Большинство столкновений вызвал даже не сам Манифест 17 октября, а последовавшие за ним противоправительственные митинги и демонстрации. Участник революционного митинга, состоявшегося 19 октября в Костроме, делился своими впечатлениями: «Появилась шайка мясников, лабазников и др. темных личностей и с криком «ура» бросилась на нас.. Ломовики, извозчики распрягали лошадей, оставляли их у телег и оглоблями и дугами били учащихся»210. В Курске толпа напала на демонстрацию, шедшую под красными флагами. После этого черносотенцы разделились на две части. «Первая партия, — сообщали очевидцы, — не исполнила своей задачи, а вторая «на славу» поработала»211.
В противовес противоправительственным митингам и демонстрациям прошли патриотические манифестации с хоругвями и царскими портретами. 1905 год начался с подобного шествия, расстрелянного войсками.
После Кровавого воскресенья 9 января 1905 года священник ГЬоргий Гапон, организовавший шествие рабочих к Зимнему дворцу, объявил, что солдатские пули расстреляли веру народа в царя. Его слова стали популярными в революционной среде. Но хотя авторитет самодержавия изрядно пошатнулся, октябрьские события показали, что значительная часть населения по-прежнему оставалась приверженной монархии. Девять месяцев революции не могли полностью разрушить убеждения, складывавшиеся веками.

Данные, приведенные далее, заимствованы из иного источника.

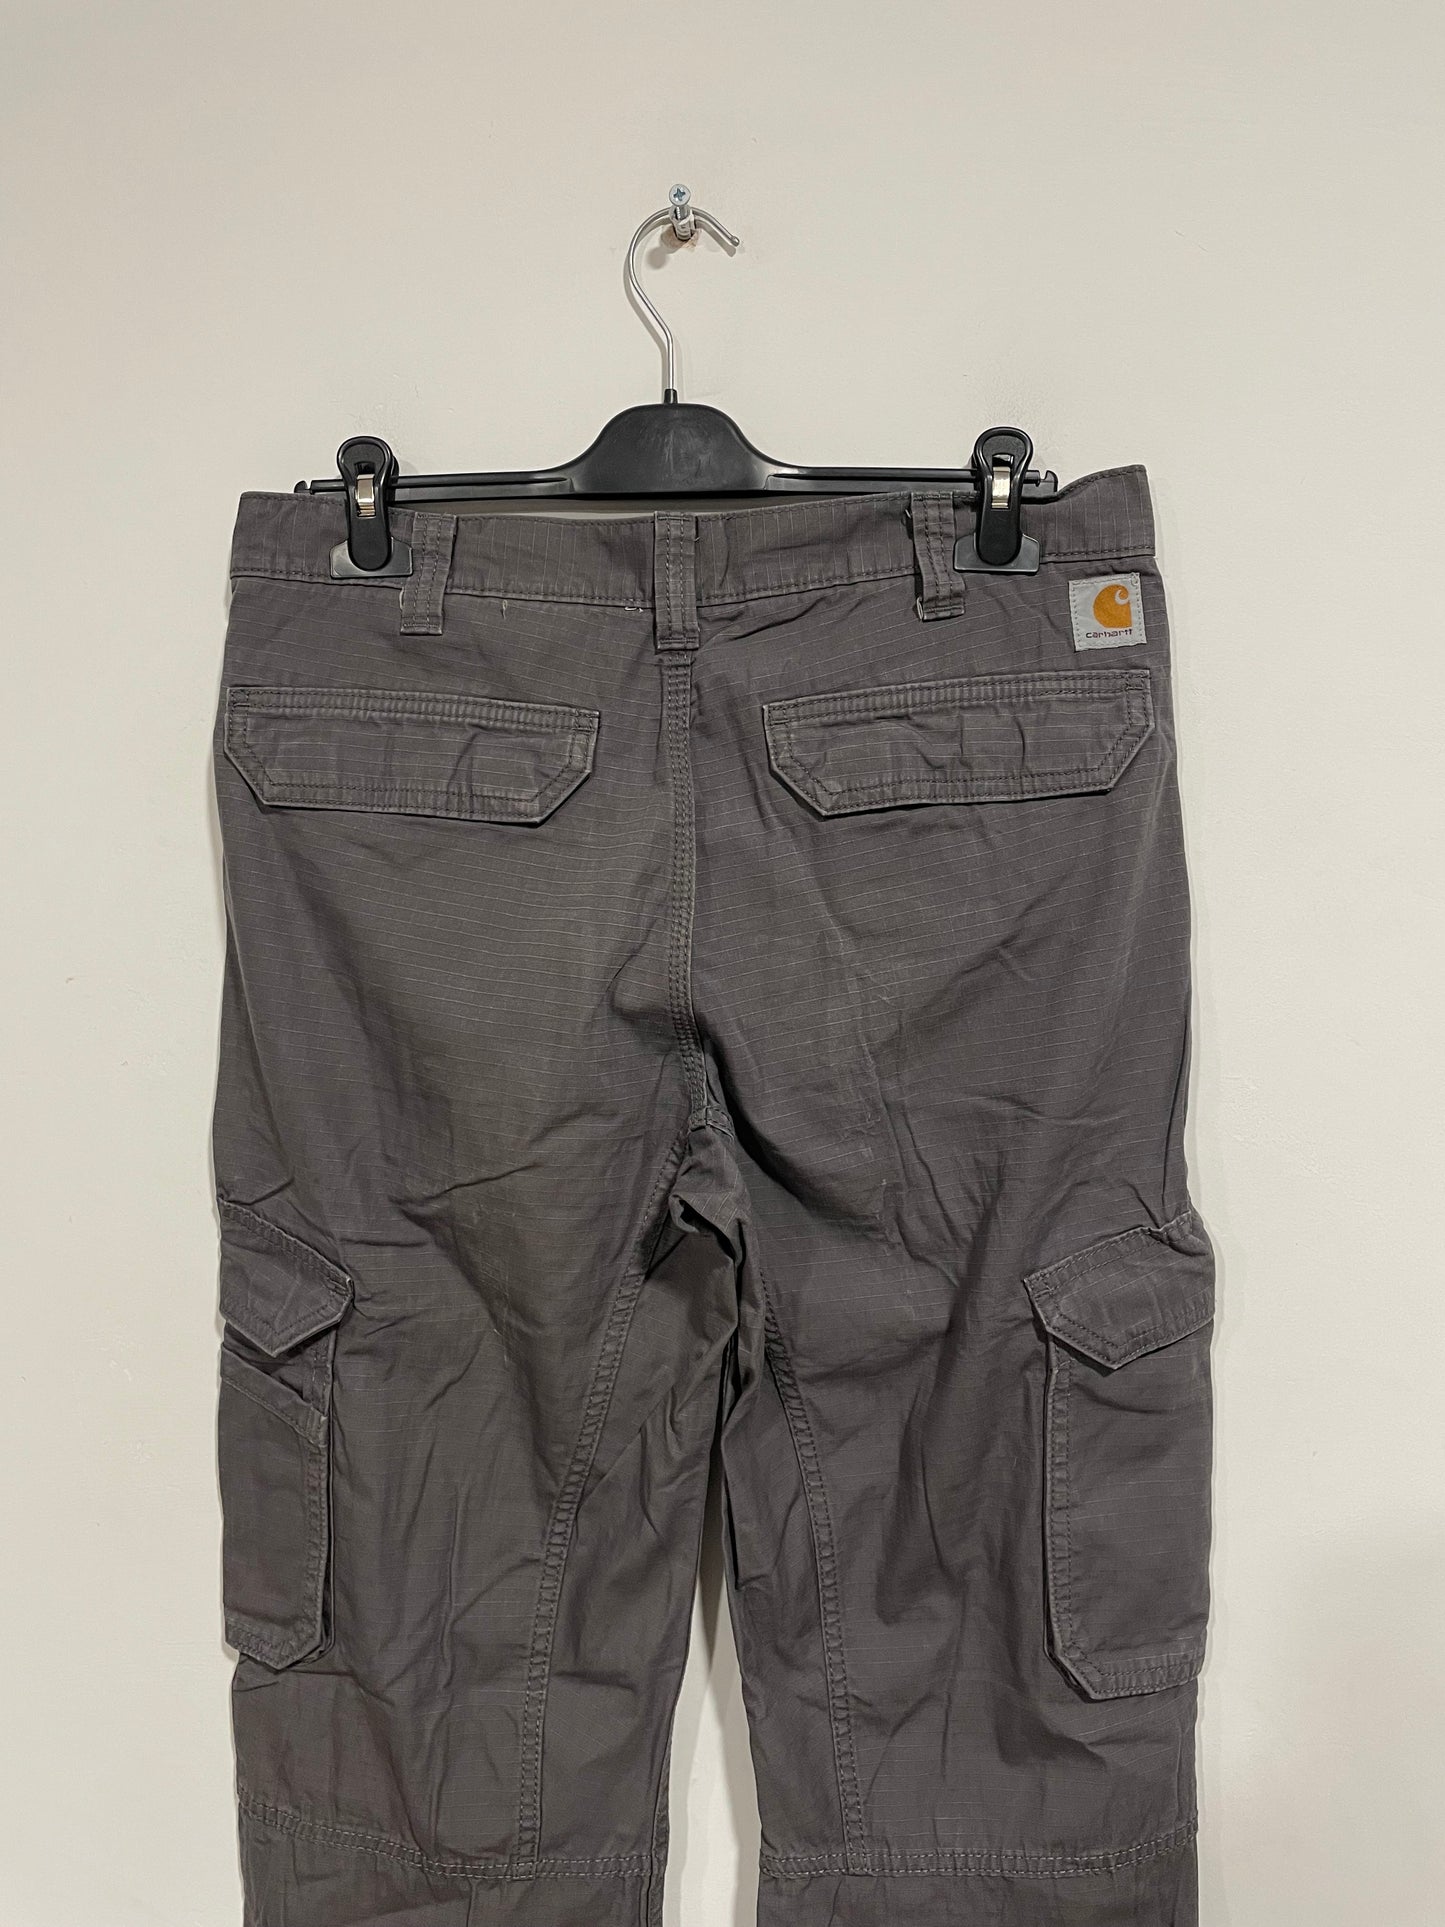 Pantalone Carhartt cargo pant (D121)
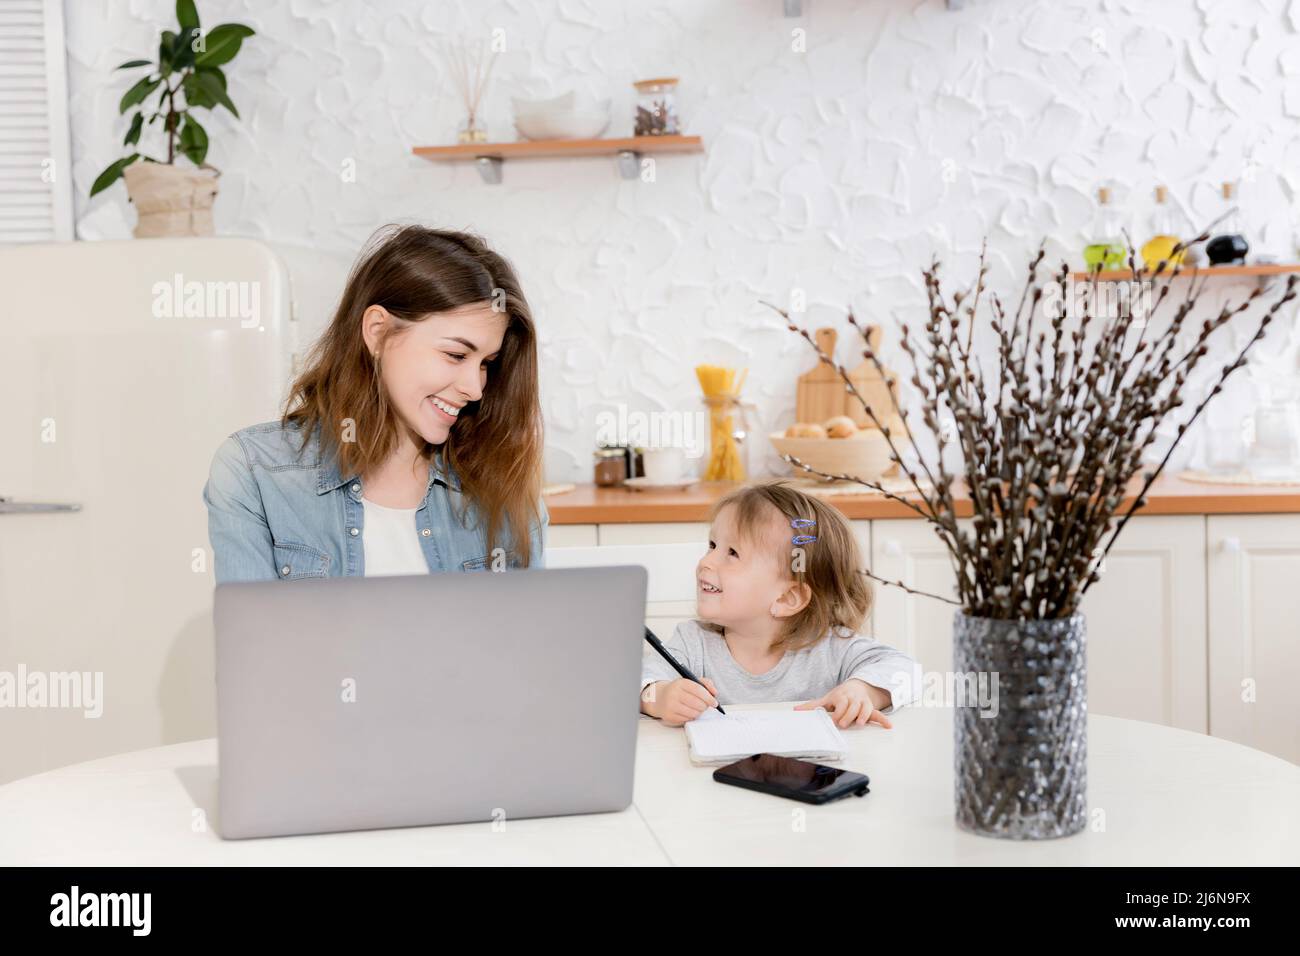 Jeune mère célibataire assise au bureau avec un enfant mignon, travaillant à distance de la maison. Jeune femme d'affaires en congé de maternité avec ordinateur portable Banque D'Images

В оппозиционных кругах утверждали, что патриотические манифестации организуются с одобрения и по инициативе властей. Показательна прокламация Виленской группы анархистов-коммунистов, выпущенная ввиду слухов, что губернатор замыслил организовать манифестацию: «До сих пор эта дикая оргия воздержалась устроить в Литве и Польше погромов, опасаясь смелого отпора наших крестьянских товарищей, всего польского и литовского населения. Но новоприбывший губернатор — этот типичный и безмозглый черносотенец — думает, что ему удастся и здесь в Вильне устроить погром, и с этой целью разрешил патриотическую манифестацию»212. Как видим, анархисты ставили знак равенства между черносотенной манифестацией и погромом, возлагая всю ответственность на власть.